3.6. qRT-PCR Analysis for Phytonutrient-Associated Genes in Different Stages of Fruit Development

Information on the major gene expression variations that occur during fruit development has been predicted for edible ripe fruit (fruit stage 3); however, transcriptome analysis is limited to only the matured stage. To provide more information about other fruit developmental stages, the qRT-PCR analysis for key genes in two phytonutrient-associated pathways were conducted in samples of young fruits (fruit stage 1–2), ripe fruit (fruit stage 3), old fruit (fruit stage 4), and leaves. In total, eight unigenes of lignin/Coniferin/Syringin metabolism in the “phenylpropanoid biosynthesis” (ko00940) pathway and 13 genes of the “alpha-Linolenic acid metabolism” (ko00592) pathway were selected for qRT-PCR analysis (Table S5).

Most of the unigenes upregulated in the “phenylpropanoid biosynthesis” pathway screened by RNA_seq were discovered to be overexpressed in the ripe fruit stage and all other fruit development stages by qRT-PCR (Figure 4A,B), including O-methyltransferase 1 (COMT) Cluster-6074.22341 (L₂fc = 2.515 in fruit stage 3/L₂fc = 1.837 in four fruit stages), cinnamoyl coa reductase 1 (CCR) Cluster-6074.9370 (L₂fc = 2.412/L₂fc = 1.308), GroES-like zinc-binding alcohol dehydrogenase family protein (CAD) Cluster-6074.16801 (L₂fc = 2.182/L₂fc = 1.013) and peroxidase superfamily protein (peroxidase) Cluster-6074.12541 (L₂fc = 15.679/L₂fc = 19.146).
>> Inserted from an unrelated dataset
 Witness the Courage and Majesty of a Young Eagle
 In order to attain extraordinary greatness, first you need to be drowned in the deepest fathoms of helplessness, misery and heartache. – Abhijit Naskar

In total, nine of 13 unigenes in “alpha-Linolenic acid metabolism” pathway were uncovered as overexpressed in the ripe fruit and all other fruit stages compared with leaf (Figure S2A,B), including secretory phospholipase A2 (TGL4) Cluster-6074.14136 (L₂fc = 1.705/L₂fc = 1.481), lipoxygenase (LOX2S) Cluster-6074.3481 (L₂fc = 3.304/L₂fc = 3.319), acetyl-CoA acyltransferase (ACAA1) Cluster-6074.12598 (L₂fc = 7.907/L₂fc = 9.560), and enoyl-CoA hydratase/3-hydroxyacyl-CoA dehydrogenase (MFP2) Cluster-6074.13989 (L₂fc = 4.702/L₂fc = 4.534).

4. Discussion

Plant fruits are an important source of naturally active phytonutrients which reduce the risk of cardiovascular disease, metabolic syndrome, and cancer [3,37,38,39,40]. U. pumila is used as traditional medicine and its fruit is considered a natural plant food in China rich in nutritional substances (proteins, dietary fiber, vitamins, and minerals) [15,41,42,43]. Although chemical, medical, and physiological evidence has been published for elm roots, leaves, and fruits, the molecular and genetic mechanism of its phytonutrient-associated metabolic processes remain unknown. Therefore, we attempted to uncover the key genes and pathways of elm fruit. RNA-Seq has been used to accurately monitor gene expression in hundreds of fruiting plants, such as sweet orange (Citrus sinensis) [44], mango (Mangifera indica) [28], Cucumis melo [45], and Idesia polycarpa [46], to track gene expression trends during fruit development. The synchronous dysregulation of key regulators in pathways verified by RNA-Seq and/or qRT-PCR analyses is valuable for understanding transcriptomic dynamics during elm fruit development. In this study, 11,386 unigenes were discovered to be differentially expressed in U. pumila fruits and leaves by RNA-seq, including 5231 up- and 6155 downregulated genes. Our transcriptome analysis contributes to understanding the molecular mechanisms for seed development and biologically active substances in U. pumila fruits.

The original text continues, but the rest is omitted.